A conference committee for the House of Representatives voted to require itemized reporting of campaign contributions and expenditures under proposed changes to section 1377 and indicated agreement on a $250 disclosure threshold while debating how fines and late-filing notices should appear to the public.
The committee's decision to require itemization was adopted by roll call after a motion and second. Chairman Porter asked the clerk to call the roll on the motion "to use itemization instead of aggregation inside of 1377," and the motion carried on a unanimous vote.
The itemization decision narrows how filers will report individual contributions and expenditures instead of grouping them into aggregated categories. Senator Roars moved the motion to adopt itemization, and Senator Barta seconded it. Chairman Porter called the roll and recorded "Yes" votes from Porter, Representative Doctor, Representative Haggart, Senator Roars, Senator Barta and Senator Castaneda; the clerk announced, "Motion carries."

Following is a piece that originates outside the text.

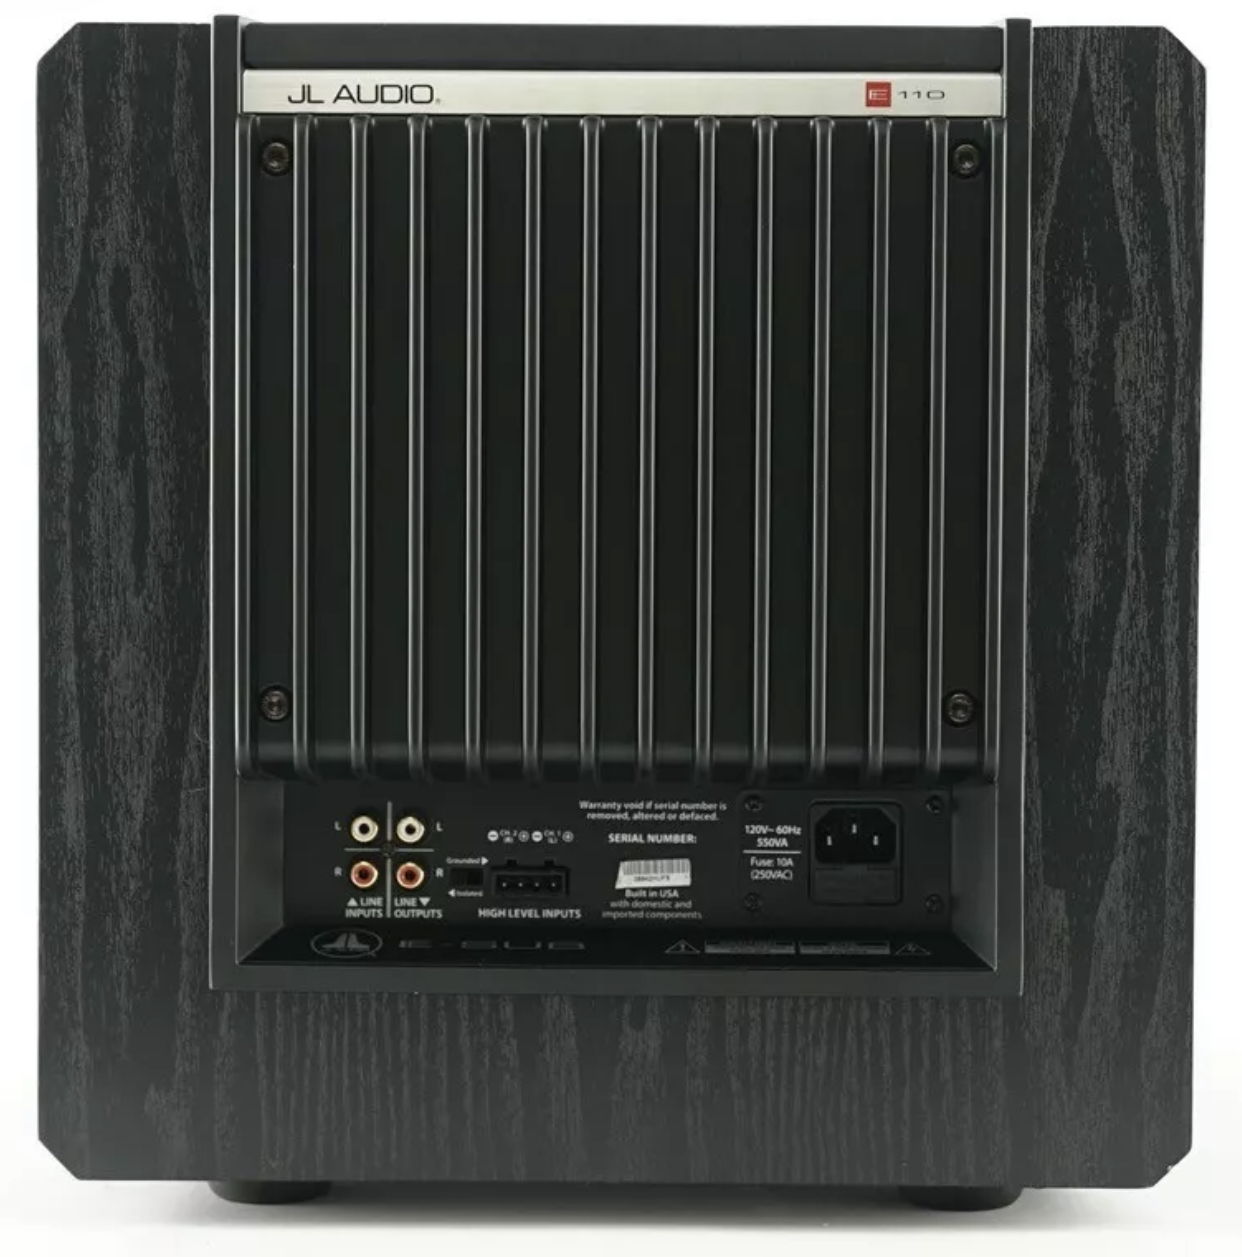 JL Audio E110 Black Ash New 'Open Boxes" set available. 2

Why it matters: committee members said itemization improves transparency and then shifted to practical questions about how categories should be managed in the reporting system. Committee members debated whether to codify a fixed list of categories or allow the secretary of state's office to provide prefilled options plus a free-text field for filers. Representative Doctor compared the approach to accounting software and said a baseline plus free-text flexibility would cover most cases.
On the disclosure threshold and fines, committee members said both the House and Senate sides had agreed to a $250 reportability threshold for contributions and expenditures, with an inflation adjustment in the bill. Senator Roars described the inflationary language as an automatic inflator every decade, and committee members discussed whether the threshold should escalate by a fixed amount each decade.
Committee members also debated fines and whether unresolved fines should be visible to the public. Michael Howe, North Dakota secretary of state, told the committee that the office plans to program the state's filing system so that "as soon as that filer is not in compliant compliance and there's a missed filing date, that would be a notice on our system." Howe said the office would also maintain its practice of contacting filers directly to encourage compliance.
Senator Castaneda asked whether those notices would be limited to the filer and the secretary of state's office or would be publicly visible. Howe said, "Our intent would be that would be, on the transparency site. Anyone would be able to see that as you're accessing filing records." Committee members discussed whether the first-week late notice could be hidden and then made public after subsequent weeks; Howe said that could be done technically but cautioned it would reduce transparency.
On other items the committee addressed briefly: members agreed to a single, uniform definition of "candidate" for both legislative and statewide offices, and the committee recorded that beginning- and ending-fund-balance reporting was already resolved. The committee also discussed, and then set aside as difficult to implement, a proposal that unpaid fines could affect ballot eligibility.
The committee did not adopt additional formal votes during the session on fines or the disclosure visibility schedule; members left some details for further drafting and for the secretary of state's office to implement in the reporting system. Chairman Porter closed the session and said the group was scheduled to reconvene later the same day.